Tempo Comum, como de resto já tínhamos também um pouco na curta ficcional Lisboa, Província (2011), tem uma atenção ao acto de cuidar. Cuidar não só de um doente, como na curta, ou do seu bebé, como aqui, mas também um cuidar da experiência da transmissão. Os planos de Susana Nobre – que frequentemente enquadrarão, pelo peito, pela cintura, os amigos que vêm visitar o casal e o bebé – cuidam de escutar as conversas. Como num documentário, como numa ficção, que sabe que o cinema quando cuida preocupa-se em ouvir os outros. E este é um filme desse cuidar, um filme feito de pessoas que conversam e se escutam. Que percebe bem que tudo o que vivemos já foi vivido por outros, mas de forma única. E, por isso, a casa verte-se lentamente em ninho dos primeiros crescimentos, concentração espacial e visual. E os planos recebem-nos nesse espaço concentrado da casa, a câmara como mais um membro da família, que aguarda essa visita neste novo momento das suas vidas.

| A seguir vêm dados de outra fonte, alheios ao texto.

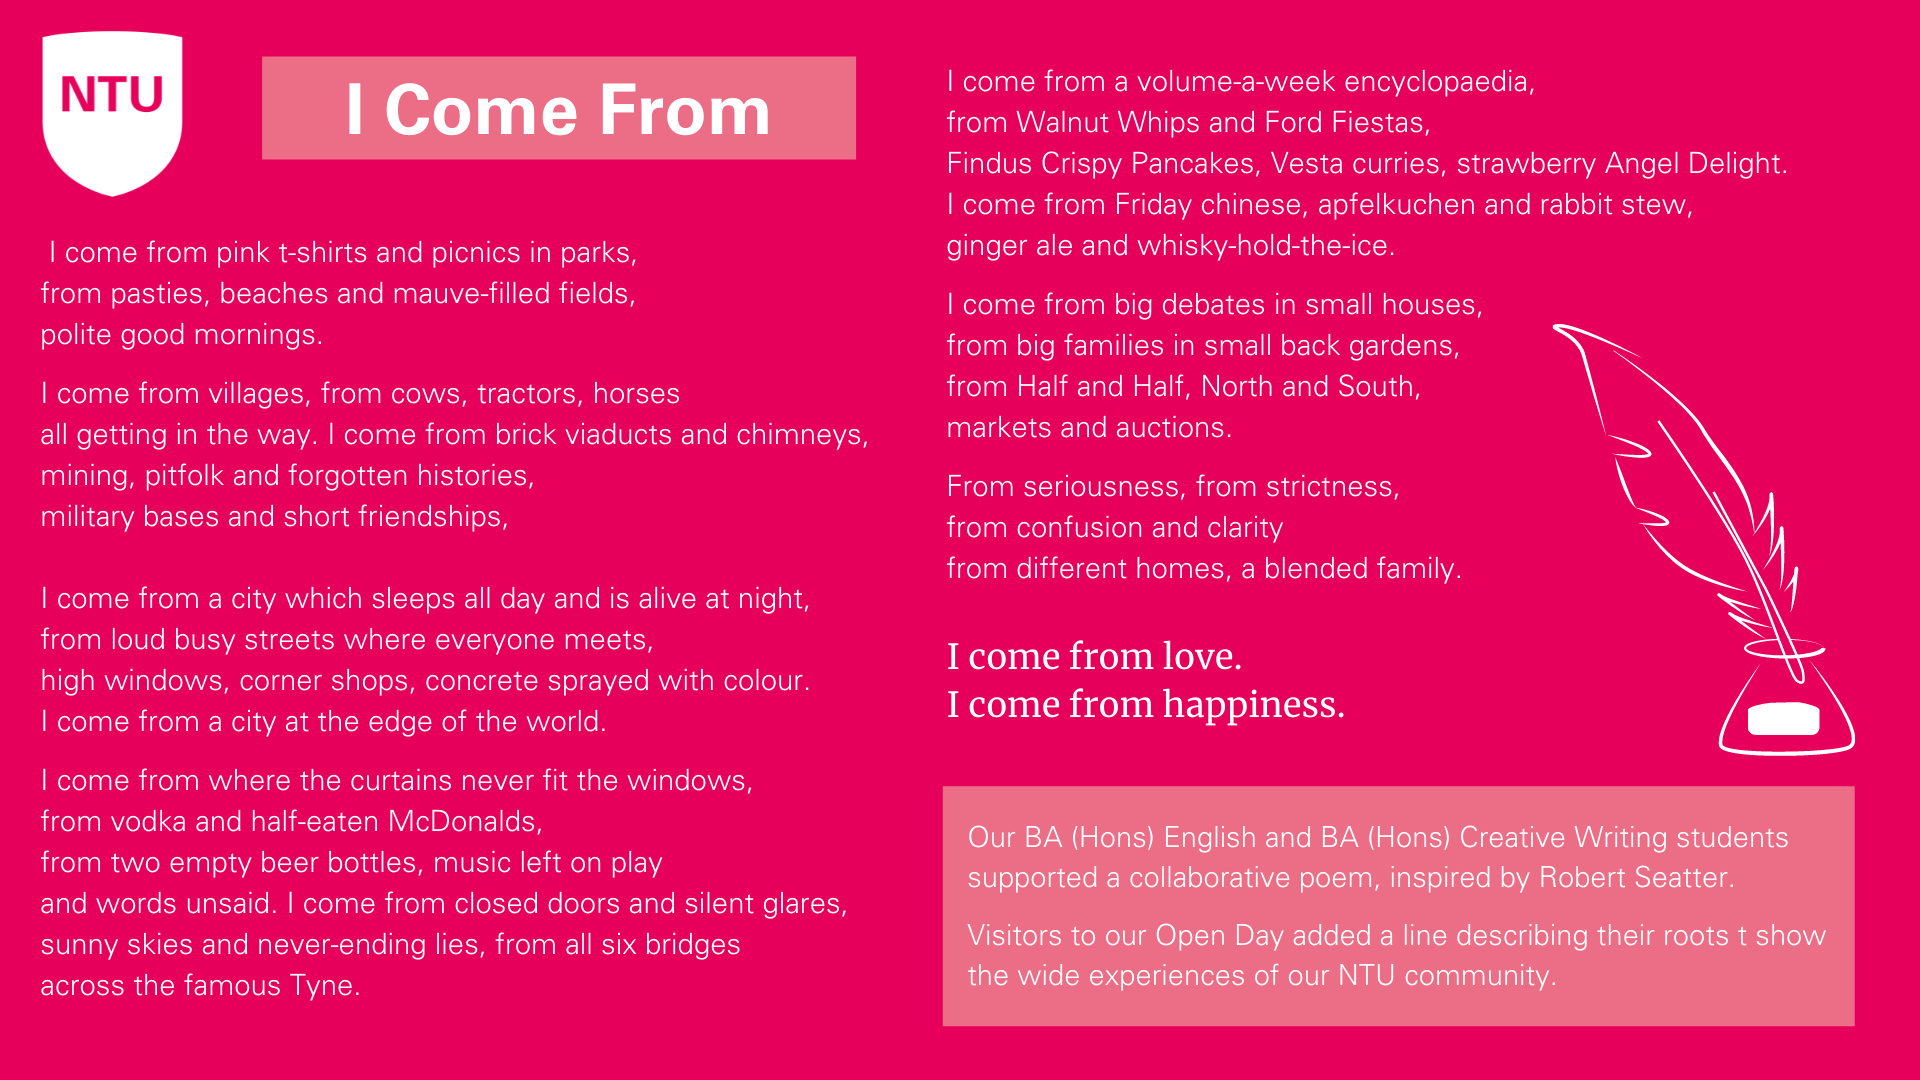 I Come From, an Open day Poem

Tudo já foi vivido por outros. Tempo Comum evolui a partir desse comum: senão, como não pensar no raccord mental entre o plano de Marta, chegada a casa, a secar a vagina, depois do trauma do parto e o senhor que, no Alentejo, nos conta que a ovelha ganhou bichos nas suas partes íntimas após dar à luz?; ou entre a história da amiga que teve uma cesariana inesperada e as irmãs com 11 filhos cada uma, em que uma morreu devido a falta de tratamento num dos nascimentos?; ou o livro de viagens que o Pedro e o pai fizeram e os chapéus trocados por bacalhau na mata africana, contado pelo tio de Marta? Viagens, lutas, traumas comuns, em espelho. Precisamente. Assim como o comum da passagem das roupinhas do bebé, da transformação da libido, das obras primas de ingenuidade e ternura que são os primeiros banhos, das lutas do “ainda agora fui lá eu ver do bebé”.

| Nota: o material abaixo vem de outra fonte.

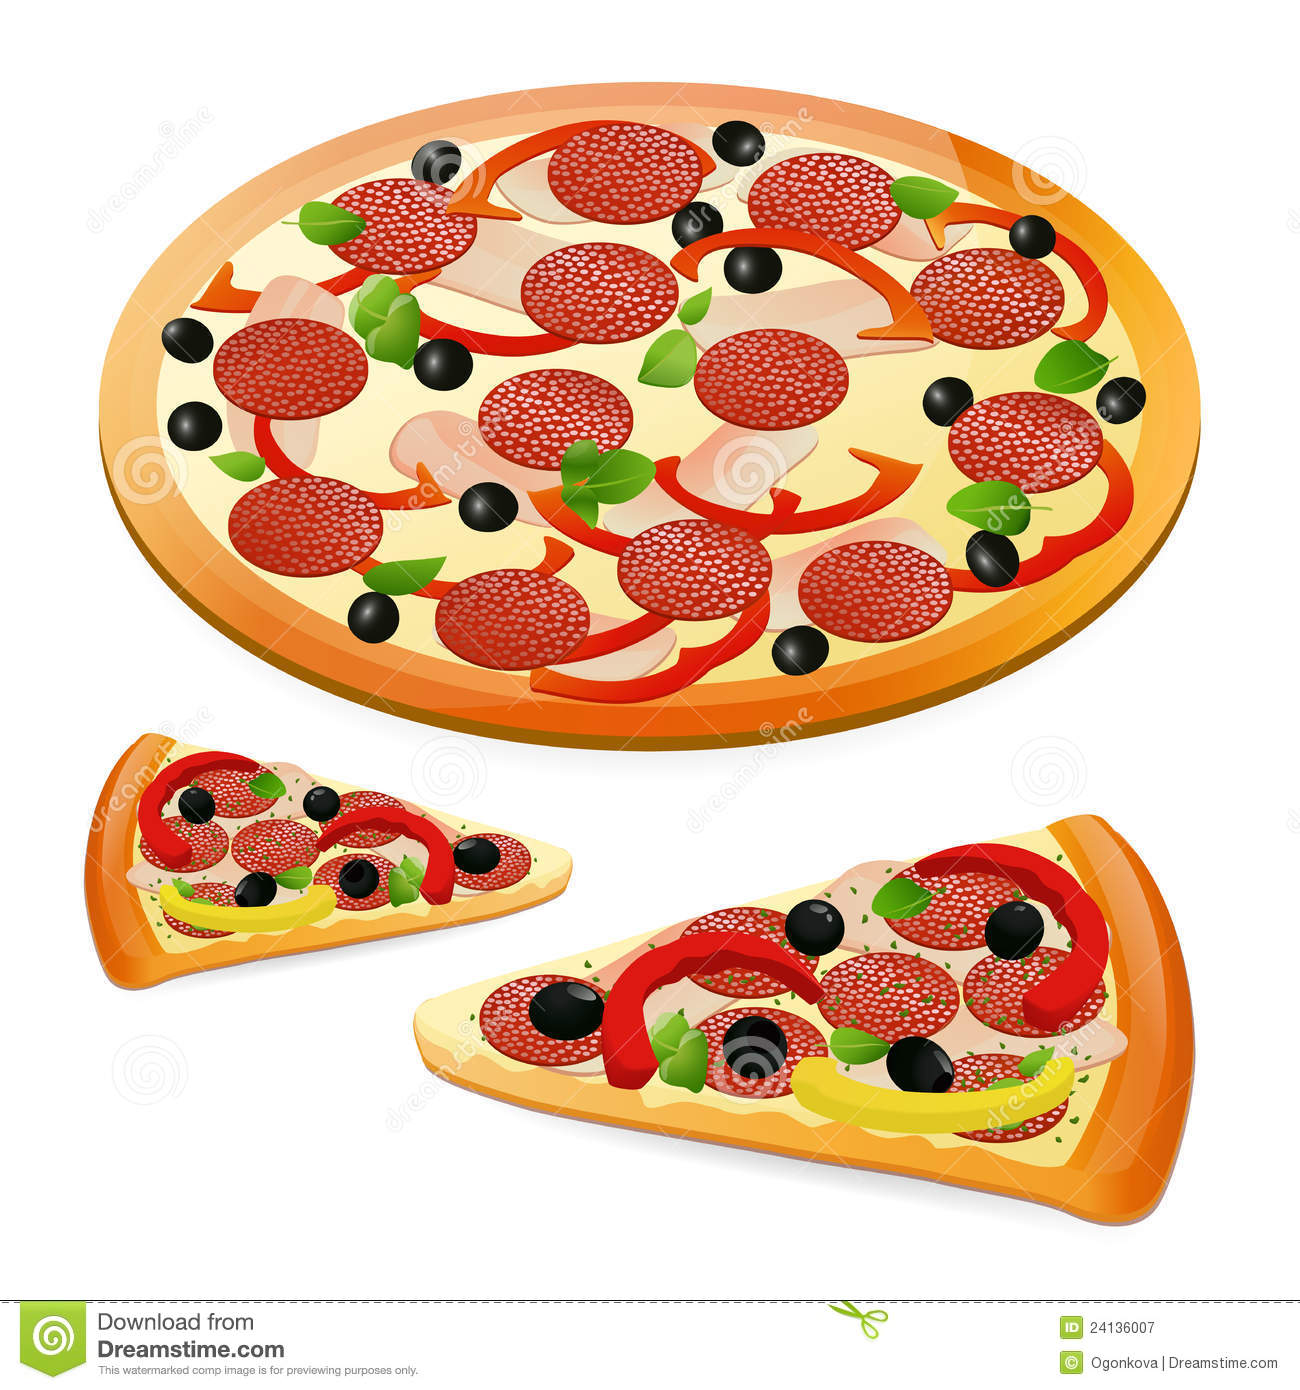 Pizza royalty free stock photography image

Progressivamente, a casa vai-se esvaziando de presenças. Apenas ficam os três: mãe, pai, bebé. O corredor vazio, as roupas a secar, um pequeno almoço calmo. Tempo para descansar a três. Aos poucos a bebé habitua-se aos sons da vizinhança. Já é uma presença… comum. O passarinho aprendeu a tirar a baga do loureiro, deixando dormir a menina, que, como canta a avó, está no sono primeiro.